Das kommunistische "Nein" zur EU und die Haltung der Partei nach dem Referendum

Nach dem EU-Gipfel in Thessaloniki, auf dem Tschechien gemeinsam mit allen anderen Mitglieds- und Beitrittsländern über die großen Perspektiven wie künftige Erweiterungsoptionen oder eine europäische Verfassung diskutierte, machen wir nun einen Blick zurück auf das innenpolitische Parkett Tschechiens. Und wir wenden uns jener Partei zu, die als einzige Parlamentspartei offen dazu aufgefordert hatte, gegen den EU-Beitritt des Landes zu votieren: nämlich den Kommunisten. Gerald Schubert berichtet:

Die argumentative Linie der Kommunisten vor dem Referendum: Der Europäische Integrationsprozess sei zwar in langfristiger Hinsicht zu begrüßen, gegenwärtig aber lehne man einen Beitritt Tschechiens ab. Grund: Die ausgehandelten Beitrittsbedingungen seien schlecht, und die künftige Entwicklung der EU ungewiss. Jene Haltung wurde freilich von den Beitrittsbefürwortern heftig kritisiert. Zum einen werde man in Zukunft als eventueller Nachzügler bestimmt keine besseren Beitrittsbedingungen vorfinden als nun. Eher im Gegenteil. Und vor allem: Das Argument, dass man ja nicht wisse, in welche Richtung der Zug nun fahren werde, zeuge von mangelndem Verantwortungsbewusstsein. Denn gerade jetzt habe man eben die Chance, auf den Zug aufzuspringen und über die Fahrtrichtung selbst mitzuentscheiden.

Nachdem nun also die Tschechinnen und Tschechen sich doch mit eindeutiger Mehrheit für den Beitritt ausgesprochen hatten, gab es in den Reihen der Kommunisten kurzes Zögern über die weitere Strategie. Noch am Wahlsamstag meinte Parteichef Grebenicek, man wolle noch prüfen, ob es eventuelle Unregelmäßigkeiten in den Wahllokalen gegeben habe. Diese Idee ließ man dann doch schnell fallen, die Kommunisten verlautbarten, das Abstimmungsergebnis anzuerkennen. Inhaltlich jedoch blieb man auf Kurs. Am Donnerstag meinte auf einer Pressekonferenz in der Parteizentrale der Vizeparteichef Vaclav Exner:

"Wir bleiben dabei, dass die Beitrittsbedingungen, die die tschechische Regierung ausgehandelt hat, wie überhaupt allgemein die Beitrittsbedingungen der neuen Mitgliedsstaaten, unvorteilhaft sind. Daran hat natürlich das Ergebnis des Referendums nichts geändert."

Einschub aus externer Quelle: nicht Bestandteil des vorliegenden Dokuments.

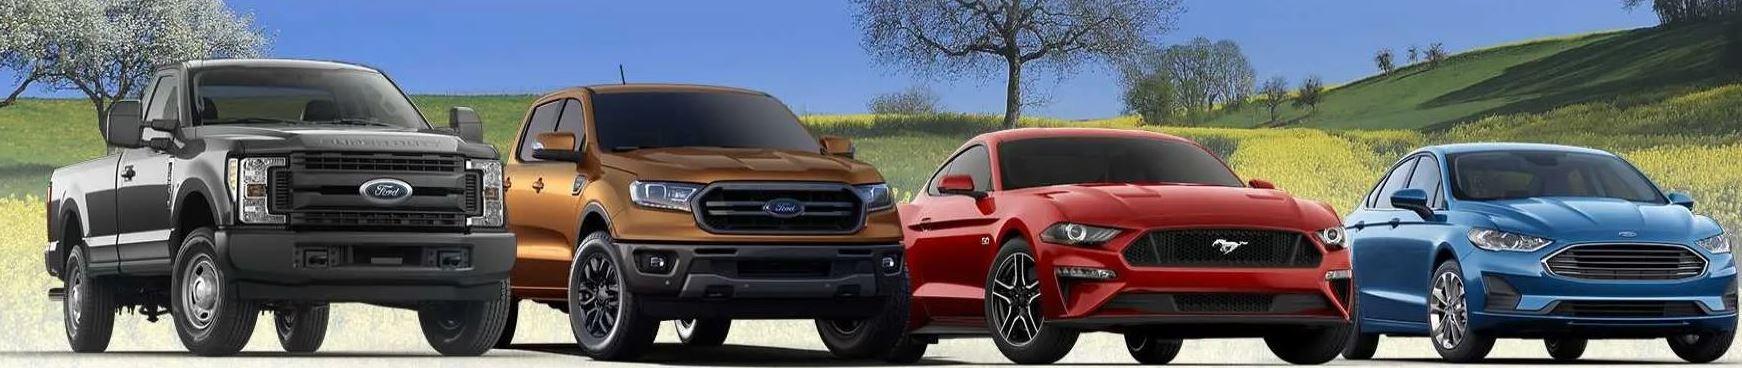 Help me find a vehicle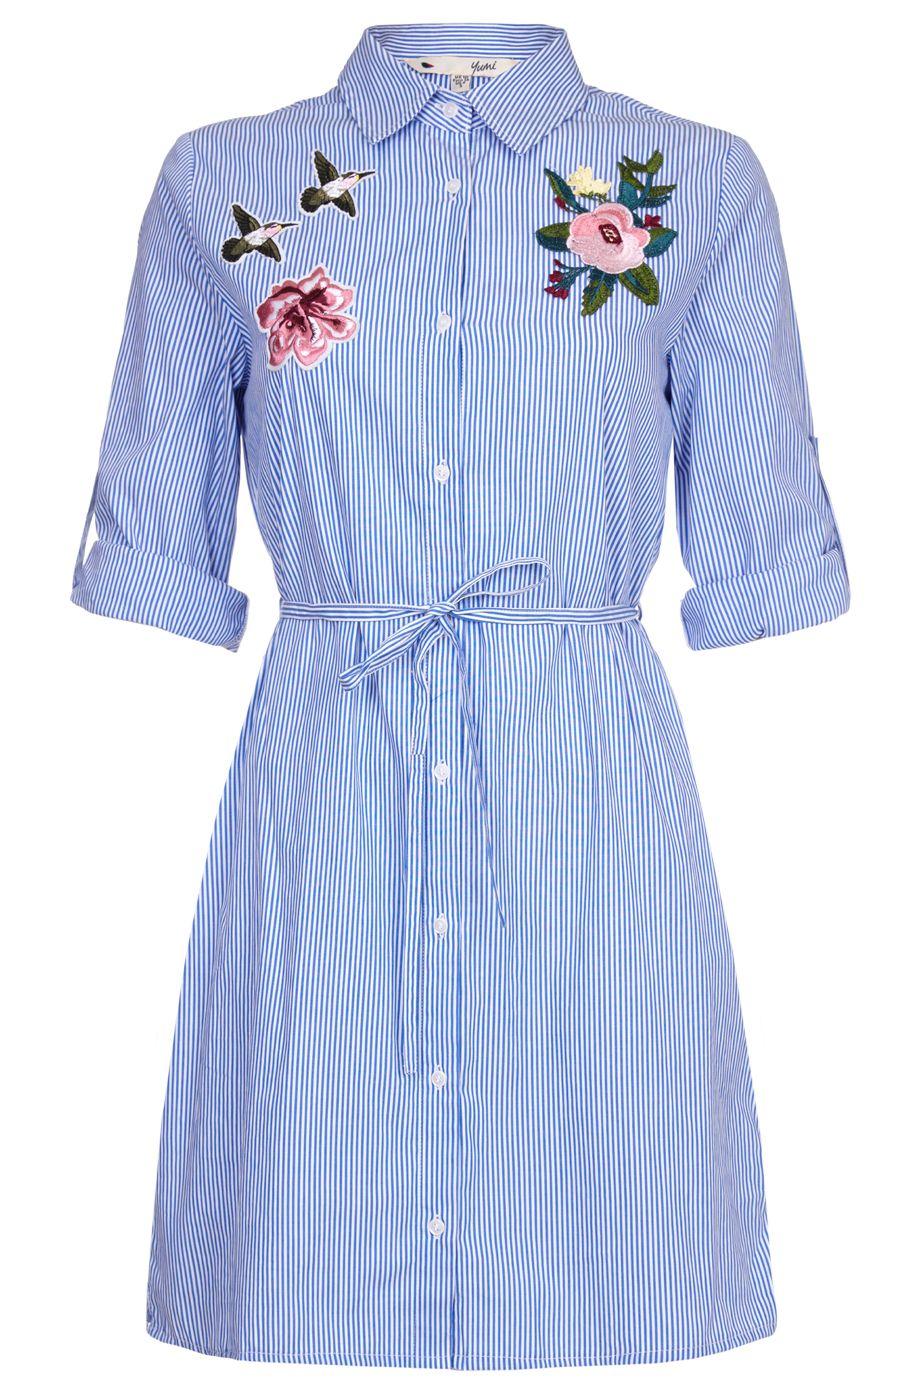 ccca3bd07d27 Σεμιζιε σιελ ριγε φορεμα απο λεπτο υφασμα με εντυπωσιακο floral απλικέ  κεντημα | Yumi London

Im internationalen Vergleich fällt dabei vor allem eines auf: Die Kommunisten mehrerer anderer Kandidatenländer hatten sich für den EU-Beitritt ihrer Staaten ausgesprochen, darunter die des Nachbarlandes Slowakei, das ja mit Tschechien historisch besonders eng verbunden ist. Worin besteht denn hier nun der große Unterschied zischen den beiden Schwesterparteien, wollte Radio Prag wissen. Warum haben die slowakischen Kommunisten einen Beitritt befürwortet? Exner dazu:

"Ihre Argumentation beruhte darauf, dass die Europäische Union wohl nicht mehr wird zulassen können, dass die gegenwärtige Politik in der Slowakei fortgesetzt wird. Und dass die EU damit eigentlich eine Unterstützung wäre für Veränderungen, die auch die Kommunistische Partei der Slowakei mittragen könnte. Ich persönlich habe gegenüber diesem Ansatz gewisse Vorbehalte. Denn ich bin der Ansicht, dass es nicht erforderlich ist, dass irgendein Protektor kommt, um Ordnung zu machen. In erster Linie sollten die Bürger eines Landes selbst Ordnung machen und die Entscheidungen über die Entwicklung dieses Landes fällen. Dennoch verstehe ich, dass in der konkreten Situation der Slowakei eine solche Argumentation möglich ist."

Gleichwohl, ob man die Nachwahlbetrachtungen der Kommunisten nun als etwas komplizierte Versuche zur Wahrung des Gesichts oder als ernsthafte Analyse der Situation verstehen will. Sicher ist eines: Selbst die Anhänger der Kommunistischen Partei haben zu mehr als 35 Prozent für den EU-Beitritt gestimmt. Angesichts der dort ansonsten legendären Parteidisziplin ist auch das eine durchaus beachtliche Zahl.